Gene Hooks Stadium
- Interactive map of Gene Hooks Stadium
- Former names: Layton Field
- Location: Winston-Salem, North Carolina
- Coordinates: 36°7′54″N 80°16′16″W﻿ / ﻿36.13167°N 80.27111°W
- Owner: Wake Forest University
- Capacity: 2,500
- Field size: Left field: 335 feet (102 m) Center field: 400 feet (120 m) Right field: 315 feet (96 m)

Construction
- Opened: March 1981
- Closed: May 2008

Tenant
- Wake Forest Demon Deacons (NCAA) (1981–2008)

= Gene Hooks Stadium =

American baseball stadium

Gene Hooks Stadium was a baseball stadium in Winston-Salem, North Carolina. It was the primary home field of the Wake Forest Demon Deacons baseball program from 1981 through 2008.

==History==
The stadium was in use by March 1981, under its original name of Layton Field, and was dedicated on April 18, 1981. On April 23, 1988, it was renamed after former Wake Forest University athletic director Gene Hooks. Wake Forest's final game at the stadium was a 9–4 win over the Duke Blue Devils on May 11, 2008.

The ballpark was part of a complex sitting north of Faculty Drive (home plate / first base side) and a short distance east of Wingate Road (third base side). There were trees beyond right field, and a small practice golf course beyond left and center field. The ballpark sat less than a mile and almost directly west of BB&T Field and Ernie Shore Field.

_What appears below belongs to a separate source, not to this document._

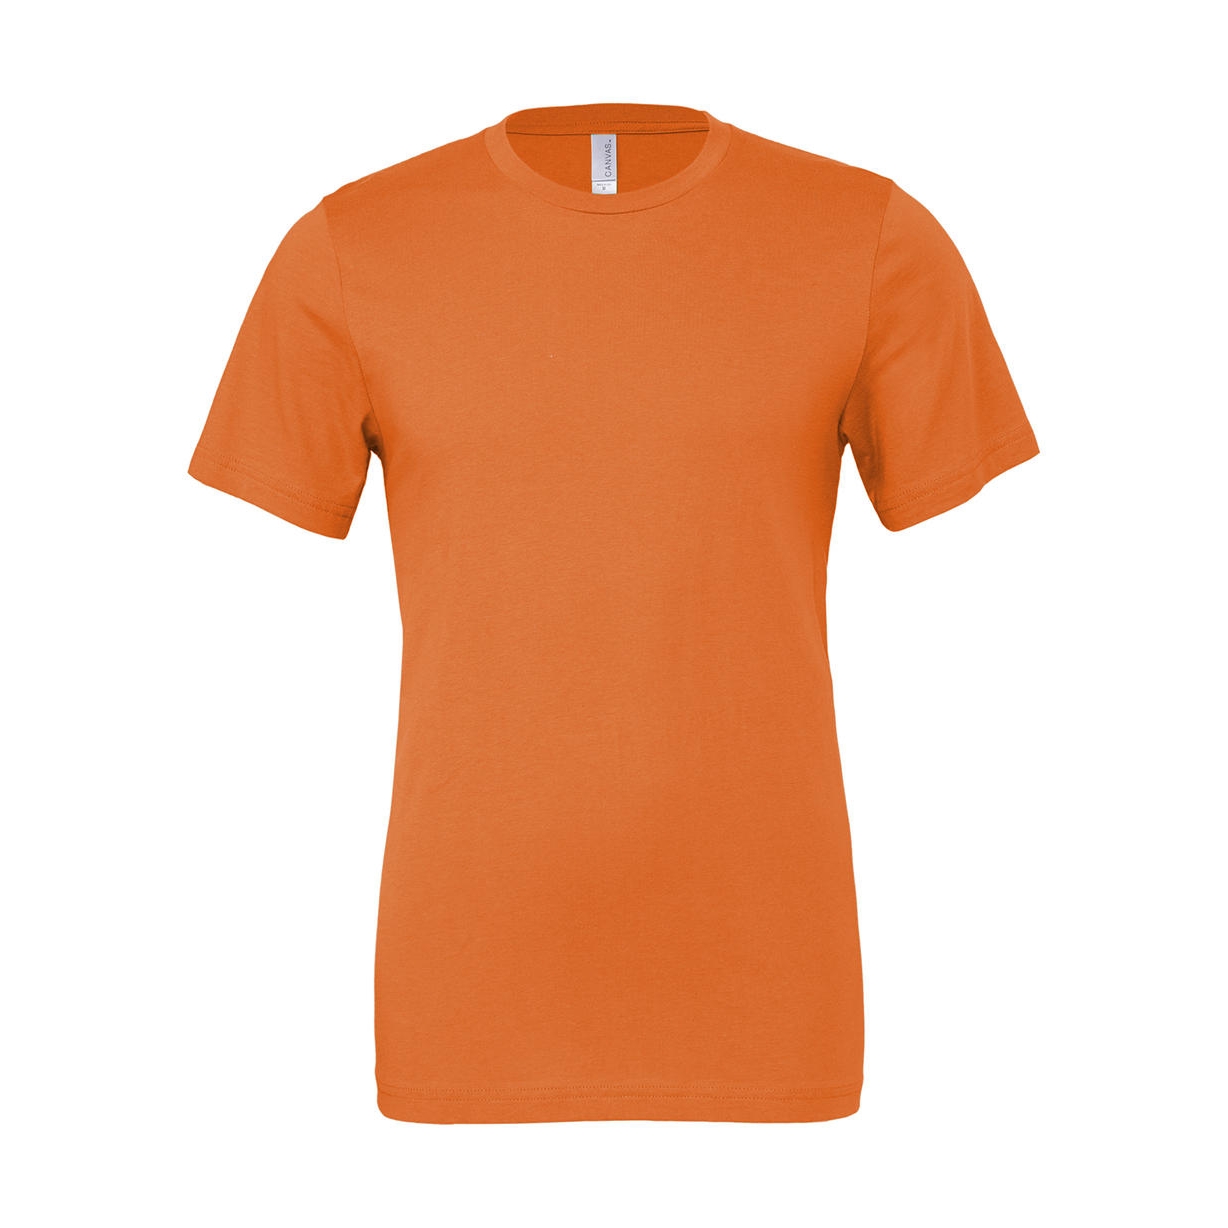 Tričko Bella Jersey - oranžové, S

For the 2009 season, the team moved back on a full-time basis to their previous home, Ernie Shore Field, which was then renamed Gene Hooks Field at Wake Forest Baseball Park, and later renamed David F. Couch Ballpark.

Gene Hooks Stadium was subsequently demolished to make way for expansion of the golf practice course. The walkway forming the boundary of the southwest portion of the practice course roughly outlines the outer edge of the site of the ballpark's grandstand.